It isn’t always necessary to head out onto the plains of Kenya’s Masai Mara National Reserve for wildlife photography, as some lodges and camps attract a variety of animals, including of course birds, in which some may choose to make their home; for smaller mammals these camps almost certainly offer a greater degree of security, as larger predators are far less likely to enter the grounds.

On some days we chose to visit other camps around the Mara for lunch and to rest up during the hottest hours instead of returning to our own, and I’ve spent more than a few enjoyable hours walking around capturing images of various birds, dik-dik, and even rock hyrax. But what delighted me the most was one afternoon seeing movement around the base of a tree, which turned out to be a family of dwarf mongoose!

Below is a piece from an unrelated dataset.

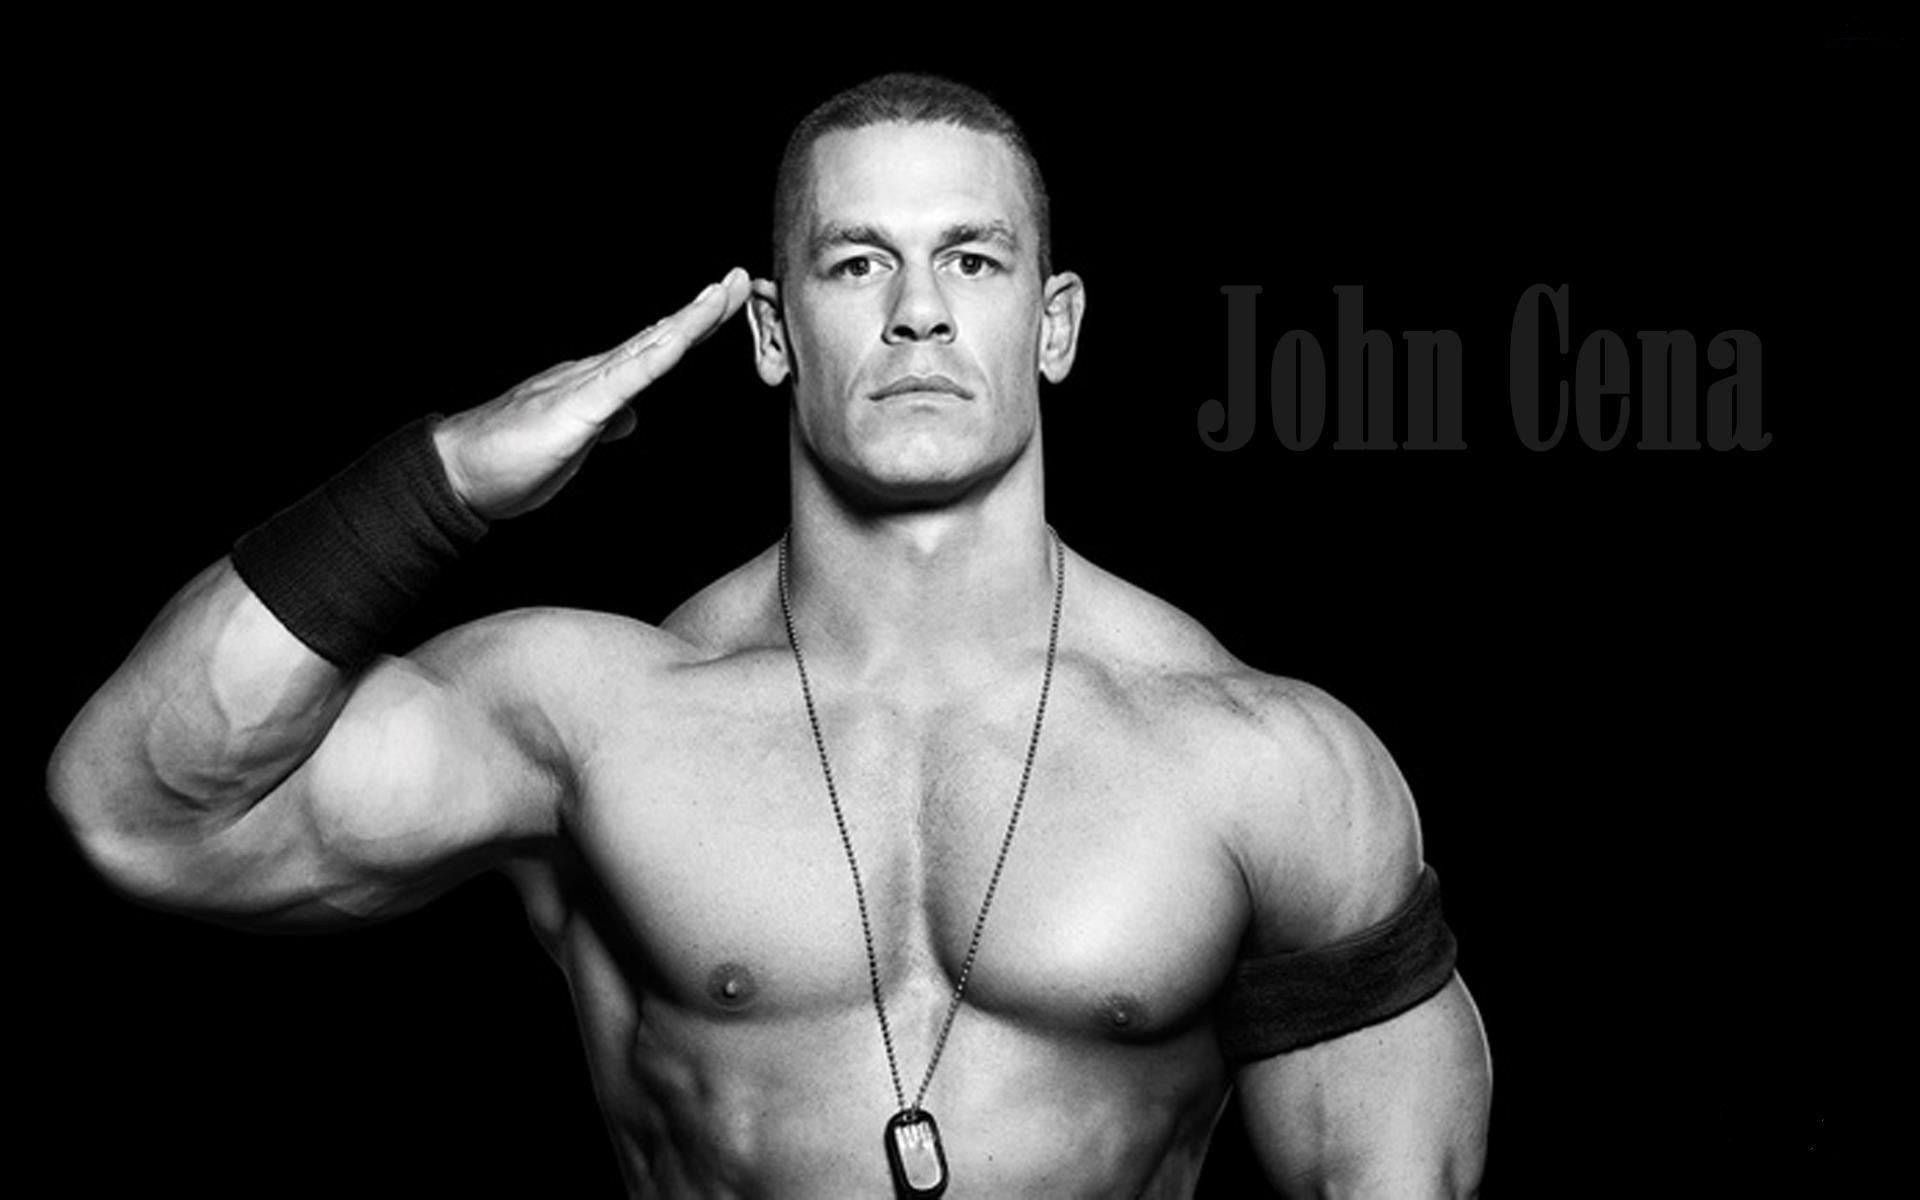 John Cena Wallpaper HD download latest John Cena Wallpaper

I had come across dwarf mongoose before out on the Mara proper, and getting close enough to this rather skittish animal is far from easy. In this case though, somewhat habituated to the movements of humans relatively close to their den, this seemed like a golden opportunity.

Ever so slowly I lowered myself until I was laying flat on the ground, then bit by bit I inched myself forward, freezing every time one of the mongoose looked my way; they were well aware of my presence and there was always at least one that kept it’s eyes on me, yet clearly they didn’t feel threatened.

This was all happening around 4:30pm, just before we were aiming to set off on our afternoon game drive, and fortunately the sun was just low enough to the west shine some light under the large tree situated directly above the den, and perfectly illuminating the right side of each mongoose face that looked in my direction.

The dwarf mongoose (Helogale parvula) is listed as Least Concern on the IUCN Red List of Threatened Species.